I'm reading this book How to Read and Do Proofs. In "Preface to the Student" and "Preface to the Instructor", the author claims to keep the material simple and easy to be followed by students. I was so exciting until I have reached to this example
Suppose, for example, that your friend made the statement, If $\underbrace{\text{you study hard}}_{A}$, then $\underbrace{\text{you will get a good grade}}_{B}$. To determine when this statement “A implies B” is false, ask yourself in which of the four foregoing cases you would be willing to call your friend a liar. In the first case—that is, when you study hard (A is true) and you get a good grade (B is true)—your friend has told the truth. In the second case, you studied hard, and yet you did not get a good grade, as your friend said you would. Here your friend has not told the truth. In cases 3 and 4, you did not study hard. You would not want to call your friend a liar in these cases because your friend said that something would happen only when you did study hard.
Now cases 1 and 2 are clear but I didn't understand why cases 3 and 4 are true? To me at least cases 3 and 4 are unknown or there is no conclusion we can draw from the given info. Can anyone explain to me what does the author mean by the following sentence
You would not want to call your friend a liar in these cases because your friend said that something would happen only when you did study hard.

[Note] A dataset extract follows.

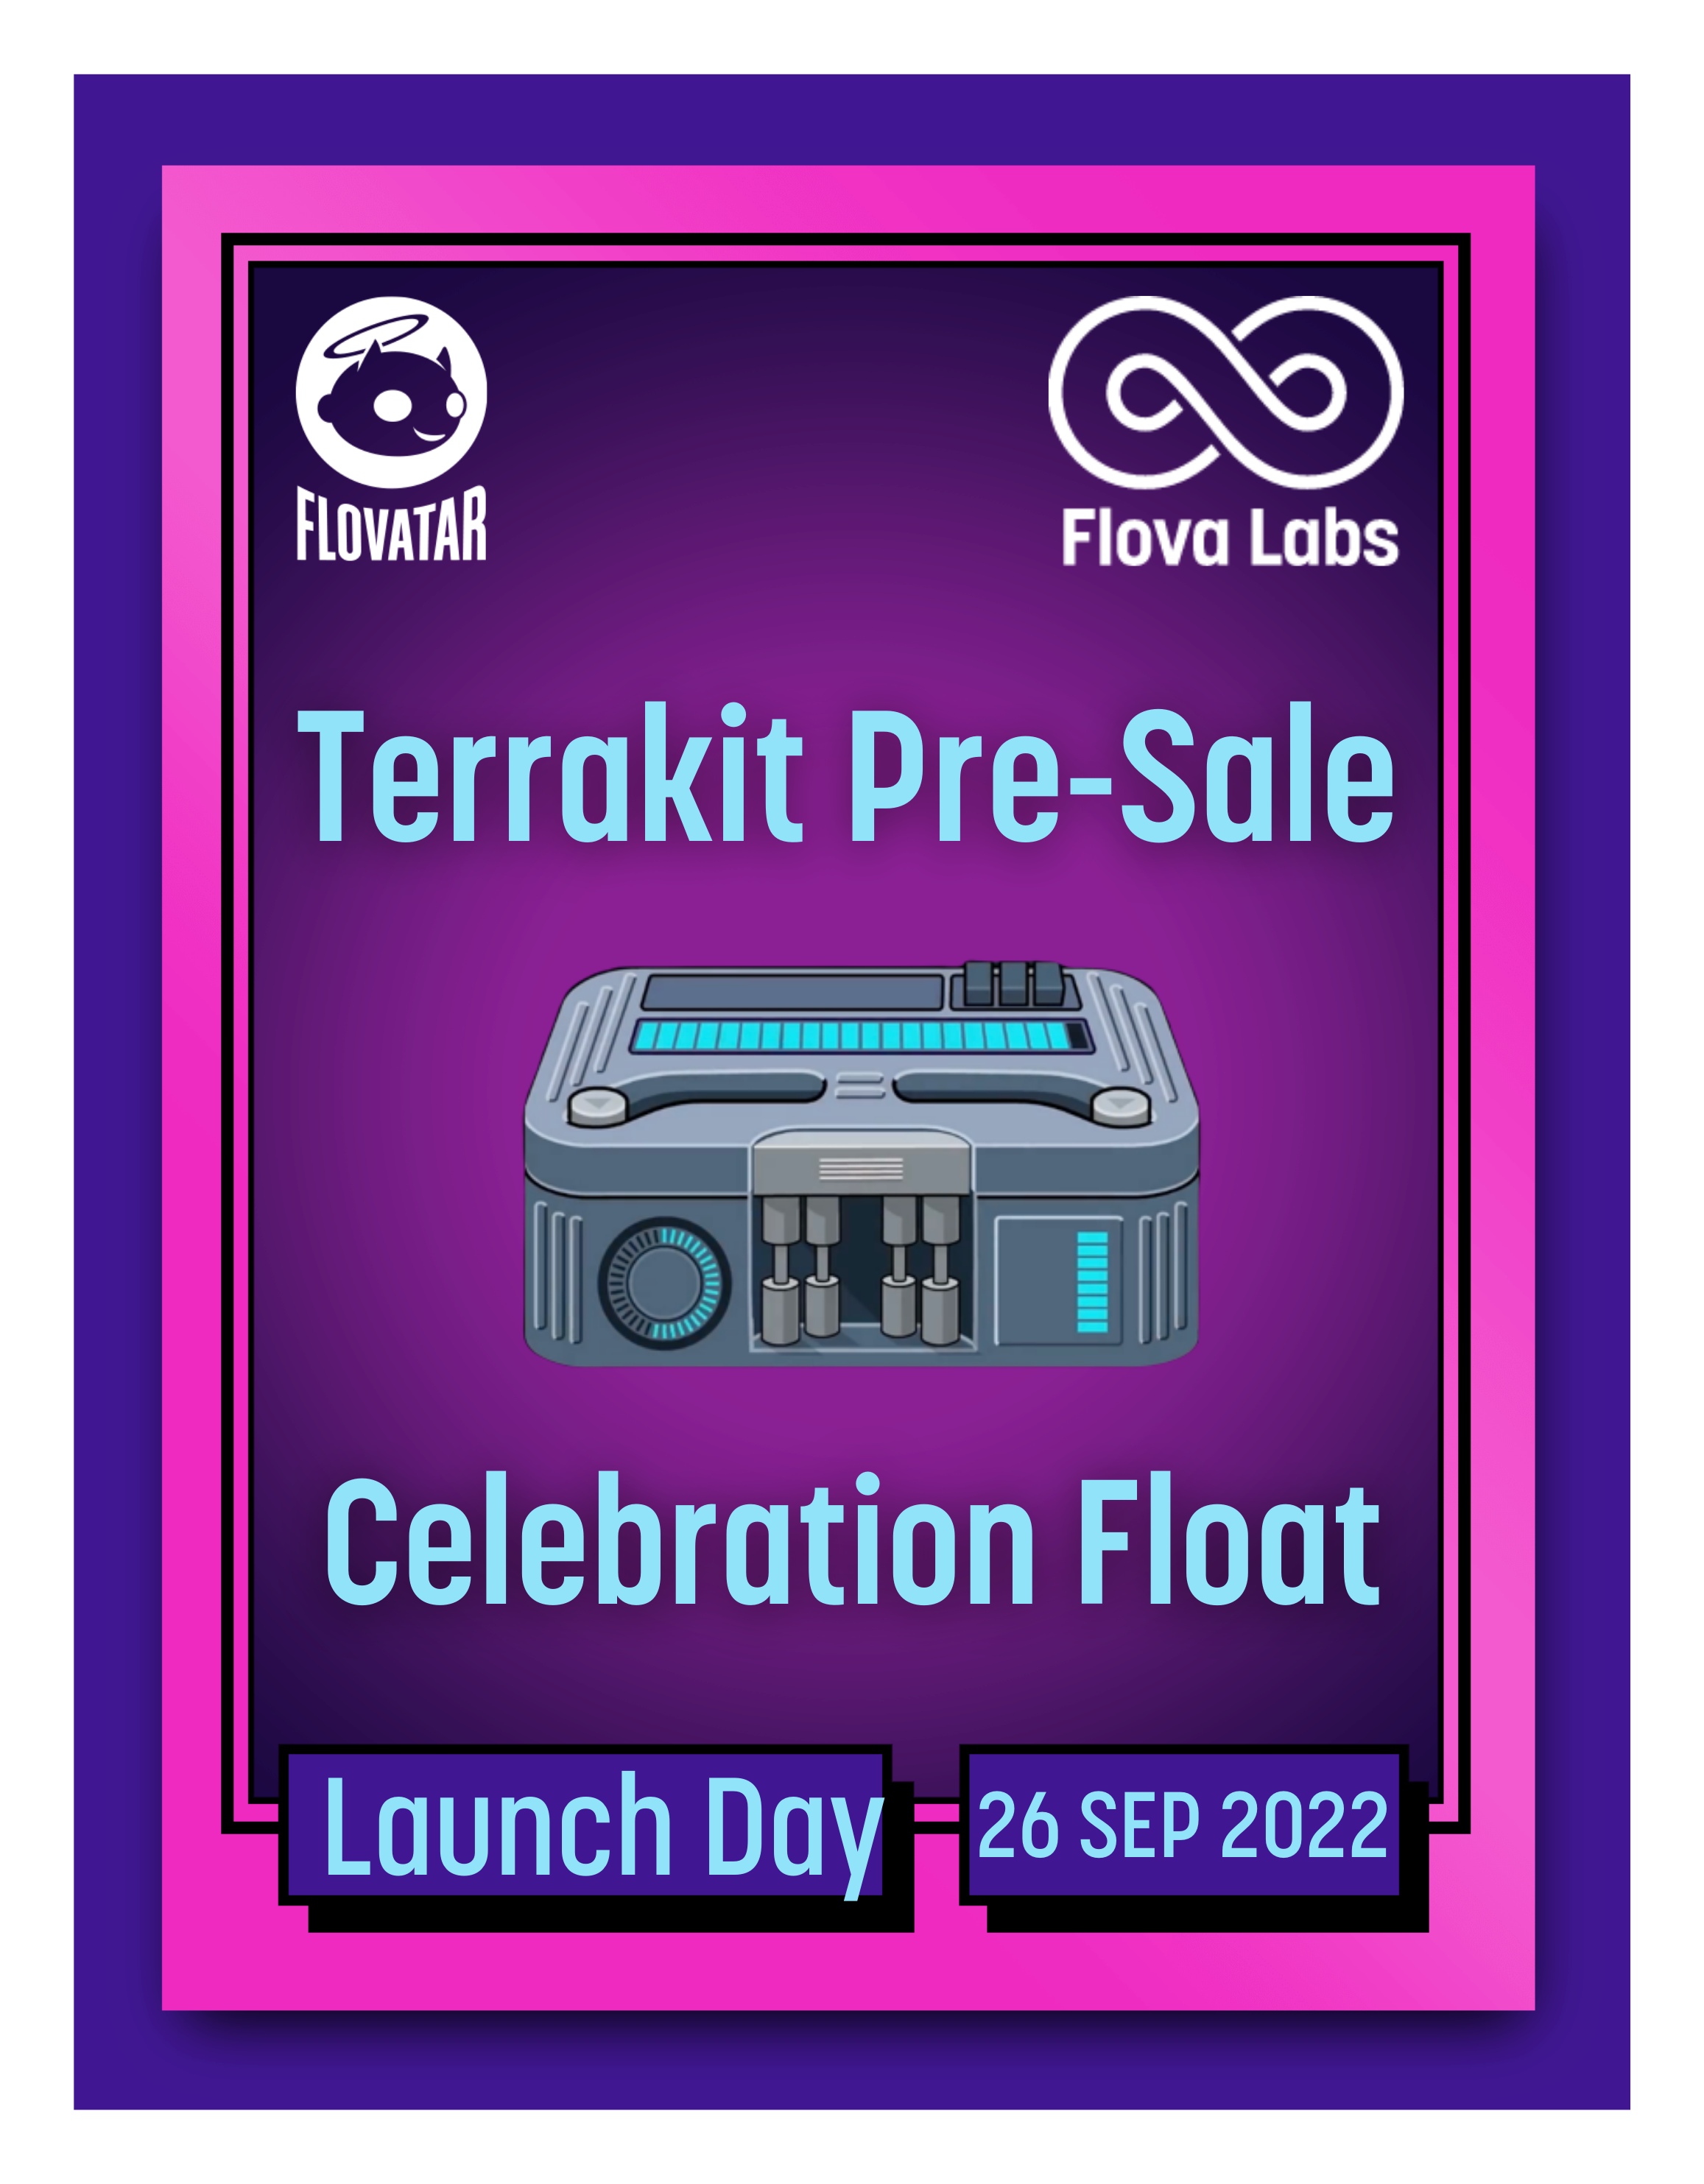 Terrakit Pre-Sale Celebration asset
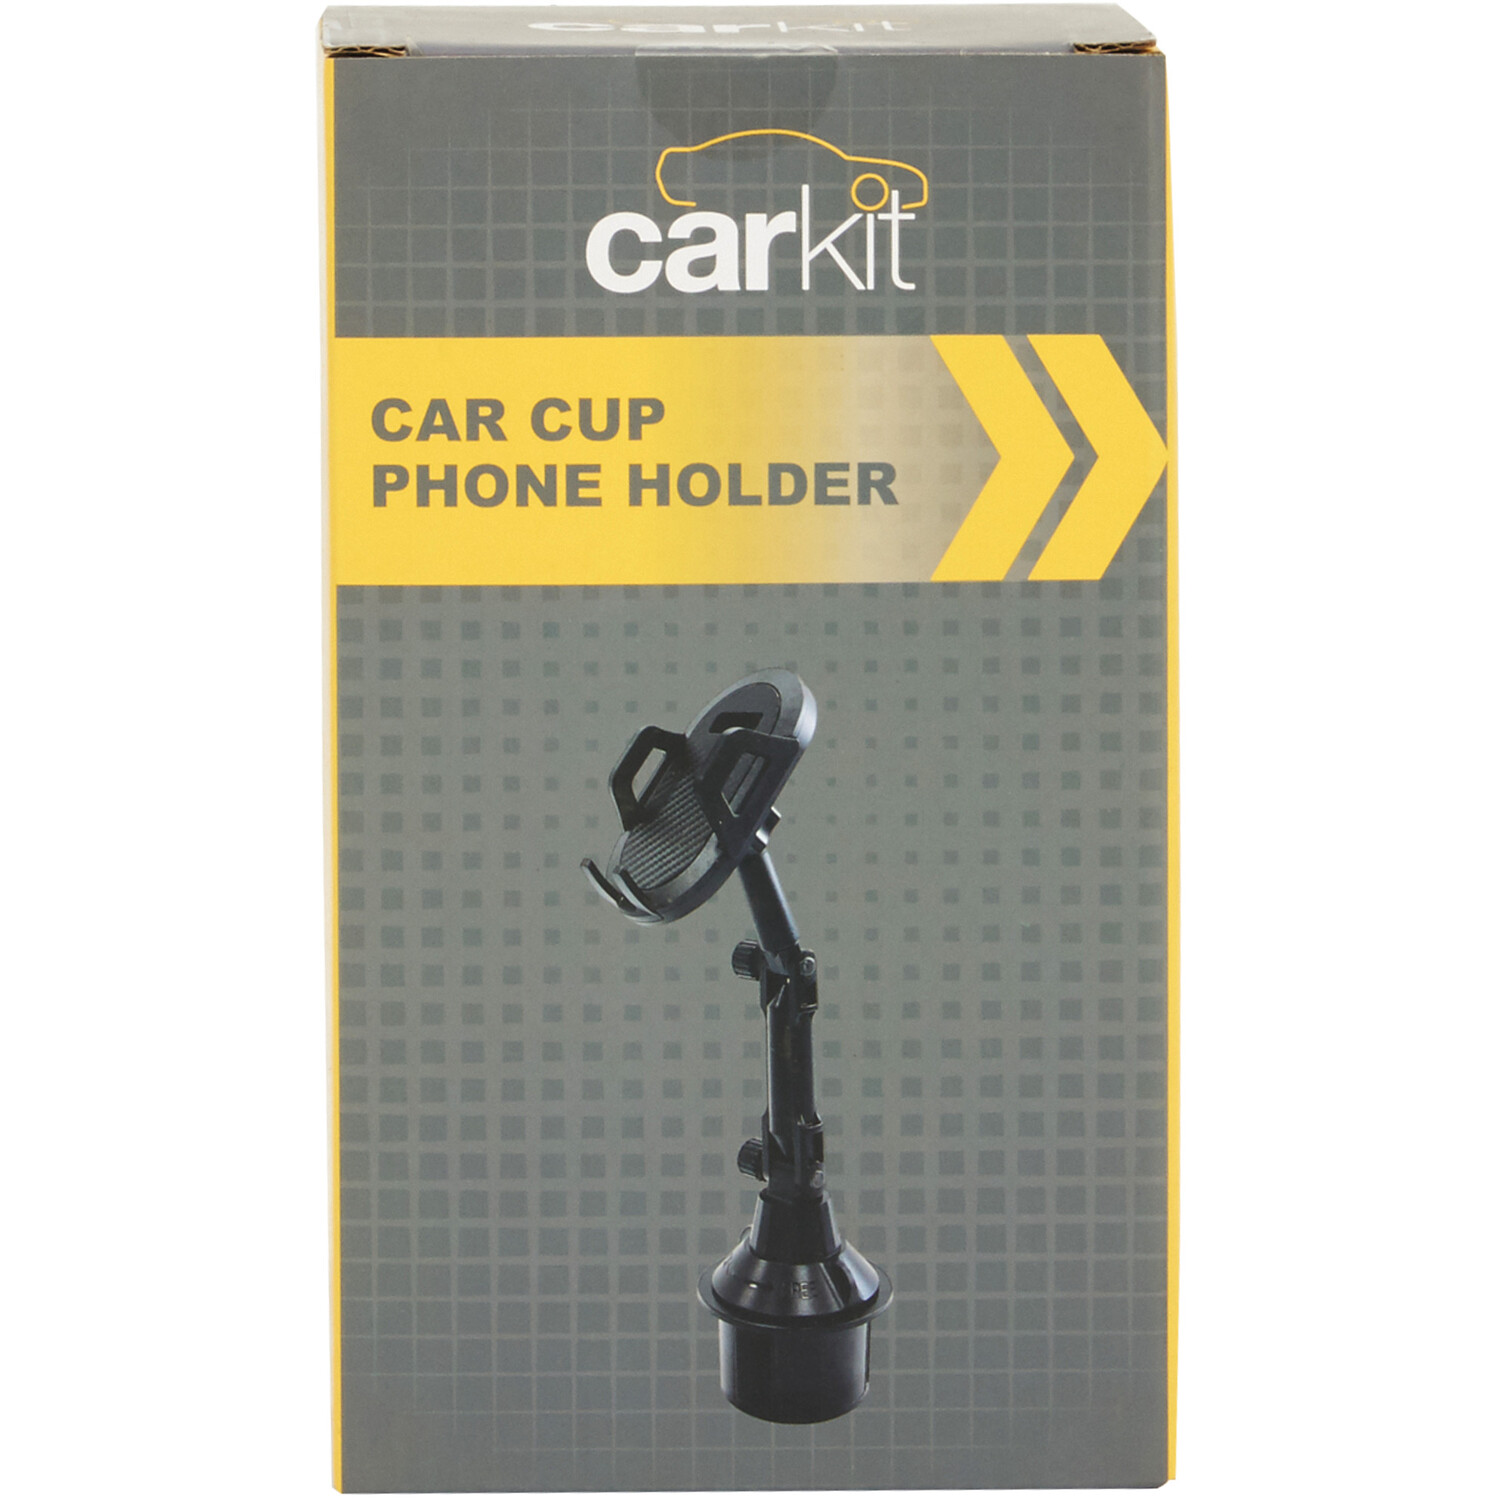 Carkit Car Cup Phone Holder Image 1

The idea is that $A\rightarrow B$ is automatically true when $A$ is false, regardless of the truth value of $B$.
For this specific example, the friend didn't say anything about what would happen should you not study hard, only when you did study hard, so you can't say that he lied.
Another example that might make this a little more clear is this: "If the traffic signal turns green, then the cars will go." We wouldn't say that this statement is false if we'd only encountered the situations in which the traffic signal hadn't turned green, since it only talks about when the signal is green, and not any other situation.